Evaluating the effectiveness of dental teachers has implications on many fronts: The effectiveness of clinical teaching should be considered when promoting and/or offering tenure to faculty staff.6 In addition, students and other stakeholders involved in funding or consuming clinical training require standardised methods of evaluating the quality of clinical teachers to facilitate comparison of teaching quality within and between institutions.7 Individual clinical academic staff themselves also require feedback on their clinical teaching as a measure of identifying shortcomings that can be addressed in staff development training.8 Moreover, where investment in staff development occurs there is a need to demonstrate improvements in clinical teaching and returns from such investments objectively and reliably.

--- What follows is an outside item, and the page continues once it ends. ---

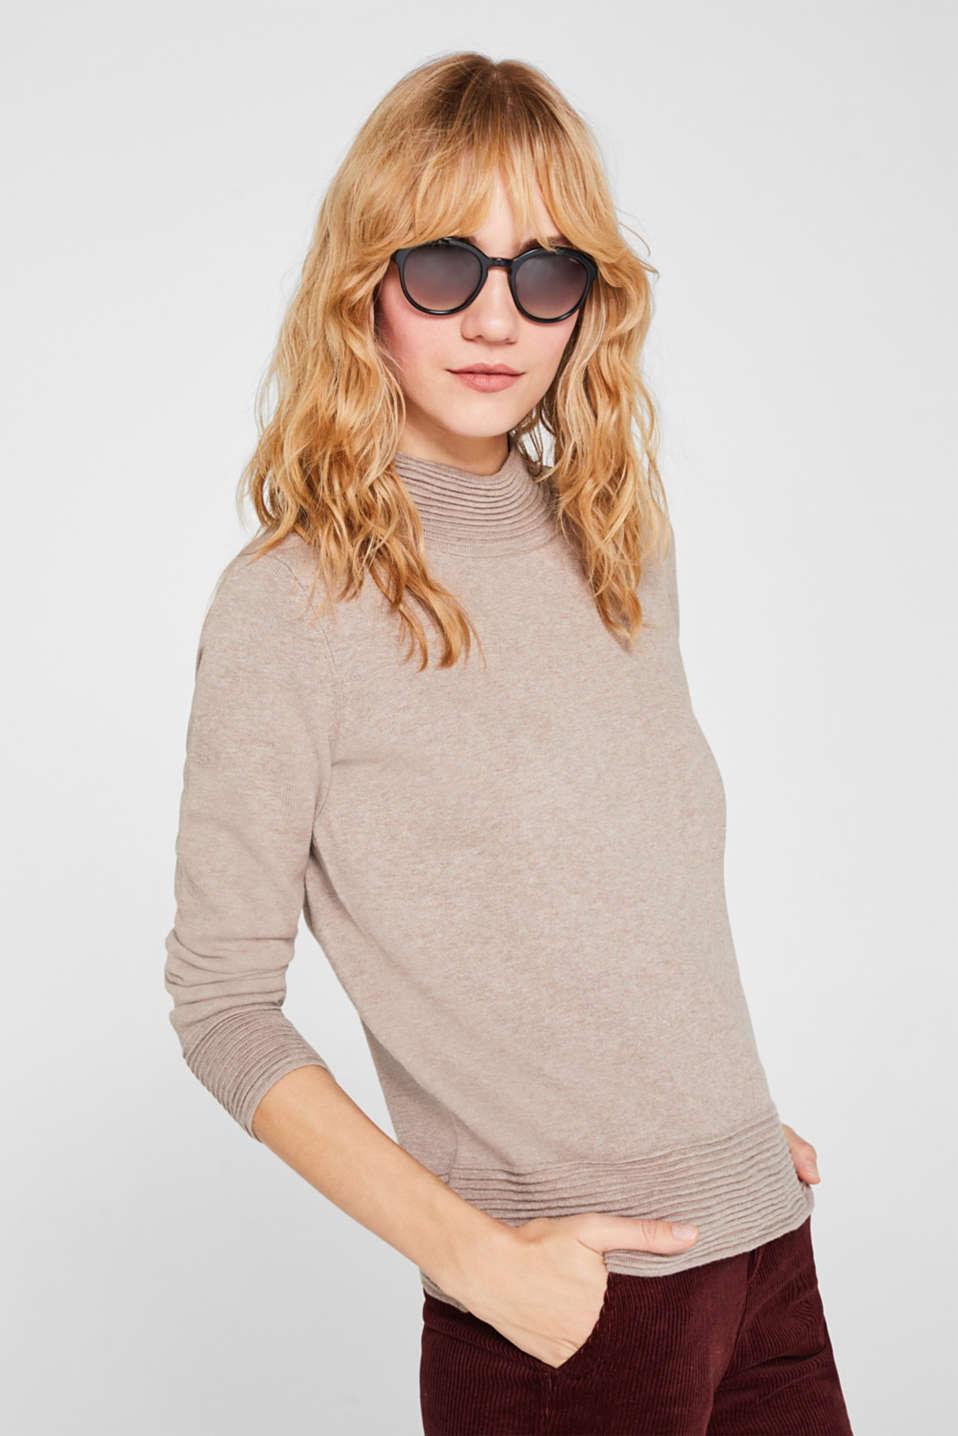 100% biodegradable sunglasses, BLACK, detail image number 2

Thus, the aim of this project was to develop and test the psychometric properties (validity and reliability) of a questionnaire to evaluate clinical dental teachers (ECDT).

Methods

Developmental process

A review of the medical and dental literature was undertaken to identify appropriate conceptual frameworks for evaluating clinical teaching. One innovative and widely used framework within medical education has been the Stanford Faculty Development Program (SFDP) based on seven domains of clinical teaching: (i) learning climate, (ii) control of sessions, (iii) communication of goals, (iv) promoting understanding and retention, (v) evaluation, (vi) feedback, (vii) promotion of self-directed learning.9 The categories are based on educational and psychological theories of learning and empirical observation of clinical teaching.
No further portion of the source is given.